RHAPSODY demonstrates scalable high-throughput inference with increasing service instances and clients, sustained GPU utilization, and robust performance even with varying batching parameters and routing policies, as evidenced by strong scaling in multi-service inference under heterogeneous request costs.

Beyond Automation: Towards a Future of Autonomous Scientific Inquiry

Scientific progress is poised to shift from pre-programmed automation to dynamic, agentic workflows. These emerging systems envision artificial intelligence not simply executing tasks, but actively generating and coordinating them – essentially designing and managing its own computational experiments. Instead of scientists explicitly defining every step of an investigation, AI agents will autonomously formulate hypotheses, select appropriate simulations or analyses, and iteratively refine their approach based on results. This represents a fundamental change in how research is conducted, moving beyond scripted procedures to a more exploratory and adaptive paradigm where the AI takes a proactive role in knowledge discovery, promising to unlock insights from complex datasets and accelerate the pace of innovation across diverse scientific domains.

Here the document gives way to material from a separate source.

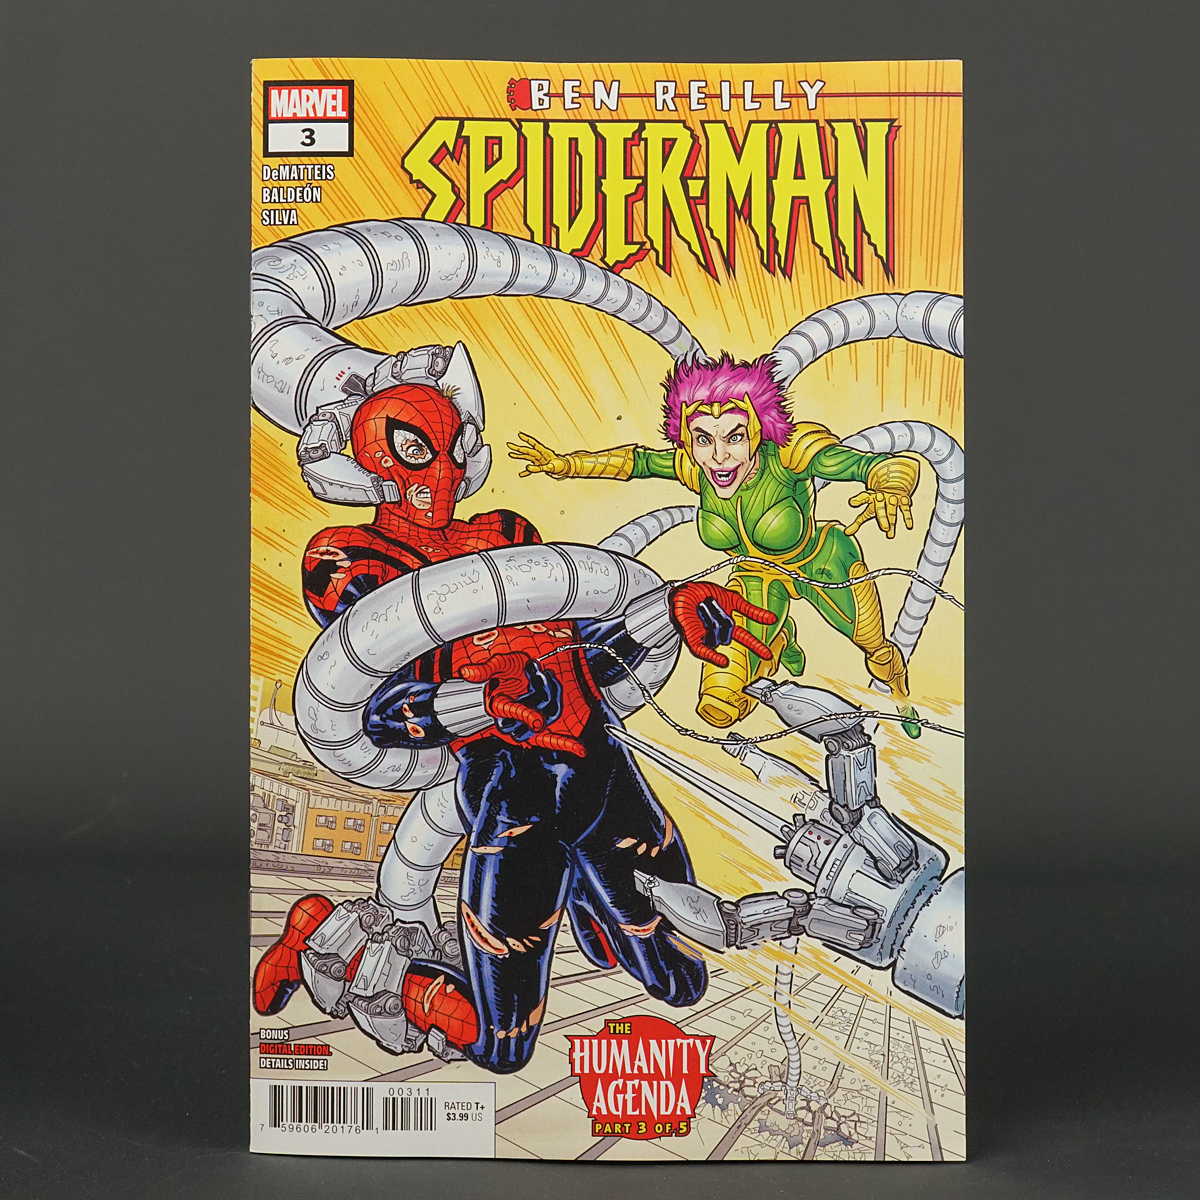 BEN REILLY SPIDER-MAN #3 Marvel Comics 2022 JAN220900 (CA) Skroce (W) Dematteis

Agentic systems are increasingly reliant on the synergistic capabilities of hybrid AI-HPC architectures to tackle previously intractable scientific challenges. These systems don’t merely execute pre-defined instructions; instead, they intelligently combine the pattern recognition and predictive power of artificial intelligence with the raw computational force of high-performance computing. This allows for autonomous exploration of vast parameter spaces and optimization of complex models, effectively enabling the system to design and refine its own experiments. By dynamically allocating resources and adapting strategies based on real-time results, these hybrid approaches accelerate scientific discovery, particularly in fields where simulations and data analysis are computationally intensive, and where identifying optimal solutions demands navigating highly complex landscapes.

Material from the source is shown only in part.